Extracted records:

::::::::

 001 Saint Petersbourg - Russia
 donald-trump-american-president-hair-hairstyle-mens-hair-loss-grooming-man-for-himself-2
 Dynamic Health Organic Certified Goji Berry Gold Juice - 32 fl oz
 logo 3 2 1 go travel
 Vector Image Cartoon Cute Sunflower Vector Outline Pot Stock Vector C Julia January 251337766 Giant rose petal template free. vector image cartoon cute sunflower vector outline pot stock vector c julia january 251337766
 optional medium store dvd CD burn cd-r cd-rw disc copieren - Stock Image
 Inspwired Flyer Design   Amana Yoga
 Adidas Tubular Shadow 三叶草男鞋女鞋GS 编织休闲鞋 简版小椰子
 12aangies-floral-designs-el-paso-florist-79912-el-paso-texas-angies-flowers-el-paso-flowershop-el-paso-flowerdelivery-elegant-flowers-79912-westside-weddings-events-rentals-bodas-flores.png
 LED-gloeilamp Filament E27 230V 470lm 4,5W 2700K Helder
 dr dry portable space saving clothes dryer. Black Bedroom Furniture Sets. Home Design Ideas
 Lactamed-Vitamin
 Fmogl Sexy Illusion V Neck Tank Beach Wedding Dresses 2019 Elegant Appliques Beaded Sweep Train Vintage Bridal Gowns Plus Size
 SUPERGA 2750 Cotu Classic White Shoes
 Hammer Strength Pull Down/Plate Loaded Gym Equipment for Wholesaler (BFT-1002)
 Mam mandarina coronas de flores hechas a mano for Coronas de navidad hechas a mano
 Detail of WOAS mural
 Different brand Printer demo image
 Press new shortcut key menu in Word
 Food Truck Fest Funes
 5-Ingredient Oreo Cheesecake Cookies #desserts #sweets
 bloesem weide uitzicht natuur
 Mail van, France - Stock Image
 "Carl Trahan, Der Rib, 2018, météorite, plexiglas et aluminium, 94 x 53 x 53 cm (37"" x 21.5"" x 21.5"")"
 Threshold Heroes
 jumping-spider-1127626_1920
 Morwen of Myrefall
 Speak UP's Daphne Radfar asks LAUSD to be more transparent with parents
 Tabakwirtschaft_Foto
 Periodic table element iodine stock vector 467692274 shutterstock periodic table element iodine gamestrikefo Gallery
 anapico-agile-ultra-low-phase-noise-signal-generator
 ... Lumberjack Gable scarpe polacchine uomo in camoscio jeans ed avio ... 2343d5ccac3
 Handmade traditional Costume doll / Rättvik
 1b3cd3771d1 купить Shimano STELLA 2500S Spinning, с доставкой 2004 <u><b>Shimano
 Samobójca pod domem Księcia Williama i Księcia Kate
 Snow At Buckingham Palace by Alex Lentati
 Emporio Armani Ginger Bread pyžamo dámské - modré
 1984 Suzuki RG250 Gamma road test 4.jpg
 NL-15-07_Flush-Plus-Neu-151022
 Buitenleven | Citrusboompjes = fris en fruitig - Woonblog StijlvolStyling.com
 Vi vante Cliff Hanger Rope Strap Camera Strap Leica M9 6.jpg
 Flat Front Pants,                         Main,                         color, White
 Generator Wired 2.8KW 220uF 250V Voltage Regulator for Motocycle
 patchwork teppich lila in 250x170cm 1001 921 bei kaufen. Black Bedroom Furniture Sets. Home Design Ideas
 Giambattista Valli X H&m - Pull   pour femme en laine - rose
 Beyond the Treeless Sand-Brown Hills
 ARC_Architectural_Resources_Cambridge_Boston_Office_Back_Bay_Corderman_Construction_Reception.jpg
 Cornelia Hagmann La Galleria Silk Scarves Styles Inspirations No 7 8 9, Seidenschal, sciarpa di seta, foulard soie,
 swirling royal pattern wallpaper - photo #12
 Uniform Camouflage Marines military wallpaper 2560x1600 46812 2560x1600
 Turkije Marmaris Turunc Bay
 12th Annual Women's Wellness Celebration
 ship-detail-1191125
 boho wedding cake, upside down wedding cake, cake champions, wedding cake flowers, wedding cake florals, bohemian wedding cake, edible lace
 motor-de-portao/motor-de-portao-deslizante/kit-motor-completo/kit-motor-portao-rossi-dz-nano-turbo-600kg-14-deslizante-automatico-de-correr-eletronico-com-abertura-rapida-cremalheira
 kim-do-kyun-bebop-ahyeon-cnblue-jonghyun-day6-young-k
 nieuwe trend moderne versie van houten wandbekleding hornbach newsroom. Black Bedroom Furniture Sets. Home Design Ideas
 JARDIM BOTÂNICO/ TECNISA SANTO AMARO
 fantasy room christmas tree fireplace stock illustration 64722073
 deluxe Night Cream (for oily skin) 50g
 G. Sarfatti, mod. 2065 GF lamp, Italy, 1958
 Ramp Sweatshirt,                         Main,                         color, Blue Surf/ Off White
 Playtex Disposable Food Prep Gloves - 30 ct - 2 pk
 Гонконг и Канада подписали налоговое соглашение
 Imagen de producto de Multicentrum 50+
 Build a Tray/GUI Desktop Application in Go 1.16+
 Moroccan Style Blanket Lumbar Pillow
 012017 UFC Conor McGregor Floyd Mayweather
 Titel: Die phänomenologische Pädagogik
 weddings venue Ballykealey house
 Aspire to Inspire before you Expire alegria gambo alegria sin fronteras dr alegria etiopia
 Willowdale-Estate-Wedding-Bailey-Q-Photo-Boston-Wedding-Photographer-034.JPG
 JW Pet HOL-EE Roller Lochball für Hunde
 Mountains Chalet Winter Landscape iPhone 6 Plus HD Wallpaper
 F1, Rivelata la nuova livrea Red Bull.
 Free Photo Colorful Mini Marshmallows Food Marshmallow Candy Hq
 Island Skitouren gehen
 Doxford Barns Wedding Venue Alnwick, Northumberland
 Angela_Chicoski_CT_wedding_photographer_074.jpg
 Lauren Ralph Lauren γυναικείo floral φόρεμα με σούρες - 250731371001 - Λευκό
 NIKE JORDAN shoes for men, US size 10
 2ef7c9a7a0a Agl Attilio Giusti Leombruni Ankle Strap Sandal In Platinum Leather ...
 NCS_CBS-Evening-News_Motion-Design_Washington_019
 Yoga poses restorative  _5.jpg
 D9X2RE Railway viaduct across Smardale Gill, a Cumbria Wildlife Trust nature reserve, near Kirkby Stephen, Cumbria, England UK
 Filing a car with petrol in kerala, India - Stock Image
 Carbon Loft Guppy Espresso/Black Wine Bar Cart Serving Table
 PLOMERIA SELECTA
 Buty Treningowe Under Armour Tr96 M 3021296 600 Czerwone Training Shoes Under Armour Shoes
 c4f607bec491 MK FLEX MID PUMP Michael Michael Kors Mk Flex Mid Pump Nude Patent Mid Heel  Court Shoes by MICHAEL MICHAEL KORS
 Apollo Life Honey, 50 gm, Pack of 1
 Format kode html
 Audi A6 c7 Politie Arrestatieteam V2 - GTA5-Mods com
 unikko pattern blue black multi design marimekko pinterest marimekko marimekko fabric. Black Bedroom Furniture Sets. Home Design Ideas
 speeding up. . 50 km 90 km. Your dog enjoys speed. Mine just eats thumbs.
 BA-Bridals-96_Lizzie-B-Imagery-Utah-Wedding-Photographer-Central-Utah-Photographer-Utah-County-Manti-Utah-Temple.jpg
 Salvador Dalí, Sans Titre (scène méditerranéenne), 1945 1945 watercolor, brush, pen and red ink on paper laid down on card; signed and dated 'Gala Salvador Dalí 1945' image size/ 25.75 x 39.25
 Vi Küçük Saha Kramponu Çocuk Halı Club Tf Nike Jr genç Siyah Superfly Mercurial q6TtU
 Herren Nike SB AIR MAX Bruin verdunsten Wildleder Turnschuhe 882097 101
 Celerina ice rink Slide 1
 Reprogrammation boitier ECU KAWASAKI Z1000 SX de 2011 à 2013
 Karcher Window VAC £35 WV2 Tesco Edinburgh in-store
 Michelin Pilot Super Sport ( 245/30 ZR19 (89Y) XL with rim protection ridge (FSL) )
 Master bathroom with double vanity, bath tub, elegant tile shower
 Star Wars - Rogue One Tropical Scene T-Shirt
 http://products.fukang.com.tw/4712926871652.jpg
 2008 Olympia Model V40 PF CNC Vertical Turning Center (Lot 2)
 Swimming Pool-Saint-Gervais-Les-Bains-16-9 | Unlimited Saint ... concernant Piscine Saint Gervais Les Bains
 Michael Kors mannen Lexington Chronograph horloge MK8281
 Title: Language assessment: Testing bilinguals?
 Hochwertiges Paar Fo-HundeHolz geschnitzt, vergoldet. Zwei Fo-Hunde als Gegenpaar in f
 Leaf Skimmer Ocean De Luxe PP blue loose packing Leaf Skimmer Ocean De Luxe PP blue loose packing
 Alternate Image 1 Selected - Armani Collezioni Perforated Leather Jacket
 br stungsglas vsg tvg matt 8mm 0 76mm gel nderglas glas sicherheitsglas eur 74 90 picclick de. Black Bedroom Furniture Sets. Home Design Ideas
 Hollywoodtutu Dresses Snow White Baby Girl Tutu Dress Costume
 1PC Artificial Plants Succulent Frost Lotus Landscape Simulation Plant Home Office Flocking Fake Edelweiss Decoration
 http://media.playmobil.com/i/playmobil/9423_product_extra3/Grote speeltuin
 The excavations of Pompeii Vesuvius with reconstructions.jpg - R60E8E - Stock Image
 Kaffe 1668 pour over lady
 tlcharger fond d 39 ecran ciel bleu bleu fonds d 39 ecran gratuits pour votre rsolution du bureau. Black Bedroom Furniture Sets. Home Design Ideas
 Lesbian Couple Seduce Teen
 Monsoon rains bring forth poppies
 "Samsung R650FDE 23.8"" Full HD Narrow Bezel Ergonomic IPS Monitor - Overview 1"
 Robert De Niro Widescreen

::::::::

Assignment → Copy each line of the records that contains the word "Sets".

Answer to this exercise →
 dr dry portable space saving clothes dryer. Black Bedroom Furniture Sets. Home Design Ideas
 patchwork teppich lila in 250x170cm 1001 921 bei kaufen. Black Bedroom Furniture Sets. Home Design Ideas
 nieuwe trend moderne versie van houten wandbekleding hornbach newsroom. Black Bedroom Furniture Sets. Home Design Ideas
 unikko pattern blue black multi design marimekko pinterest marimekko marimekko fabric. Black Bedroom Furniture Sets. Home Design Ideas
 br stungsglas vsg tvg matt 8mm 0 76mm gel nderglas glas sicherheitsglas eur 74 90 picclick de. Black Bedroom Furniture Sets. Home Design Ideas
 tlcharger fond d 39 ecran ciel bleu bleu fonds d 39 ecran gratuits pour votre rsolution du bureau. Black Bedroom Furniture Sets. Home Design Ideas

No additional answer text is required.